The second tab (“Protein view”) is possibly the most interesting one for most of the users (Fig. 3C). For each identified protein, all the peptide identifications, protein modifications, and the corresponding mass spectra are displayed in a concise manner in the lower part of the panel (see next section for more details about the “Spectrum Browser”). Metadata related to the protein identifications (e.g. search engine or the searched database) are also provided there. The original protein sequences for each identification can be provided in the sequence panel if this information is included in the mzIdentML, PRIDE XML, or mzTab files (this information is optional). However, if this is not the case, users can still use the integrated access to existing web services to retrieve the protein sequences from the corresponding protein sequence databases (Supplemental File S1, Section 4), by clicking the “Update Protein Details” option. The protein table will show a heatmap (13) to represent the identified proteins and their sequence coverage (Fig. 3C). The “Protein sequence viewer” can then highlight different features such as identified peptides and modifications.

Fig. 3.

Fig. 3.

Screenshots showing some of the novel graphical features of the PRIDE Inspector tool: (A) visualization of protein groups; (B) chart of “delta m/z distribution” including target (in green) and decoy peptides (in blue); (C) “protein view” containing protein inference information—the + sign should be clicked to show the proteins contained in one protein group; and (D) “Quantification view,” which provides expression level details at the protein and peptide level across different samples.

Protein identification information is optional in mzTab and mzIdentML, so in some cases, only PSM related data is available, depending on the exporter/converter that generated the files. In the original version of PRIDE Inspector the handling of protein inference was limited since protein groups were not supported in PRIDE XML. If protein inference information is not available, the Toolsuite now enables users to perform the protein inference analysis as explained in the Methods section, using by default the “Occam's razor” algorithm. If protein inference information is available, the protein groups are then used to represent the ambiguity of the peptide—protein assignments (Fig. 3C). A tree-like table is used to represent this structure where each root node of the table represents the anchor protein and the rest are the proteins belonging to the same group (Fig. 3C). A new visualization component was developed to show shared peptide evidences between different protein identifications. It has three different layouts: an intuitive tree-like protein layout, circle, and force-directed (Fig. 3A).
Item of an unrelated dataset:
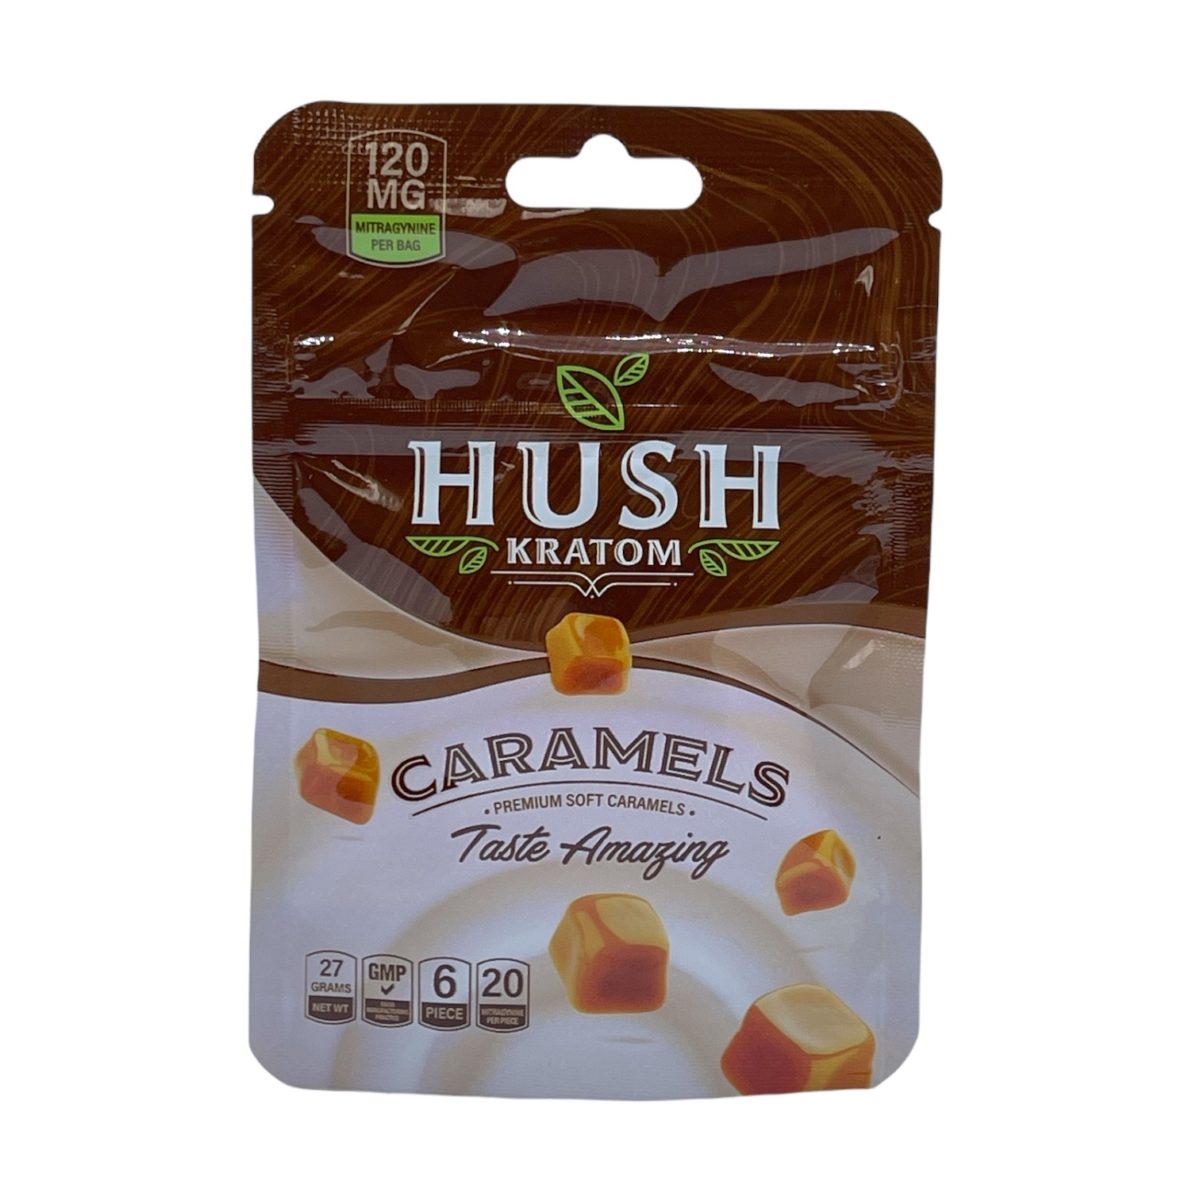 HUSH Premium Soft Caramel Kratom Candy

As a key feature, the new component enables filtering PSMs by search engine scores in order to analyze the protein inference graph (Supplemental File S1, Section 5).

The third tab corresponds to the “Peptide view.” It focuses on the peptide identifications and the PSMs, including search engine scores and protein modifications. In addition, it can generate useful information not present in the original files such as the isoelectric point (42) (Supplemental Fig. 5). It also shows for all identified peptides the corresponding PSMs, including e.g. PSMs scores and modifications. For both the “Protein View” and “Peptide View,” the difference between experimental and theoretical mass-over-charge ratio (delta m/z value) is highlighted (Supplemental File S1, Section 3.1). In both views, it is also possible to filter out the PSMs using the rank (if this information is available in the file), the decoy identifications, and as such, to estimate the peptide false discovery rate.

Visualization of the Mass Spectrum Fragment Annotations

The mass spectrum component provides annotated mass spectra highlighting the identified sequences in both the “Protein View” and “Peptide View” panels (Supplemental Figs. 5 and 6). The annotations are either available in the original files or generated automatically, as explained in Methods. It should be noted that in mzTab files the fragment ion annotations are never present (there is not an established mechanism to do it in version 1.0 of mzTab), and for mzIdentML and PRIDE XML, this information is optional and often not present. One of the reasons is that the presence of this information considerably increases the file size, which is why this information is often omitted. If the fragment annotations are not provided in the files, the inspector-mzgraph-browser and pride-utilities libraries can generate automatic fragment annotations, as explained in the Methods section. The scores generated via the implemented fragment ion annotation algorithm do not replace the original PSM scores provided by the search engines. This is a key requirement for reviewers and editors, curators, and journals like MCP, which mandates in its guidelines that annotated MS/MS spectra are made available in some cases to support the publication of the corresponding manuscripts.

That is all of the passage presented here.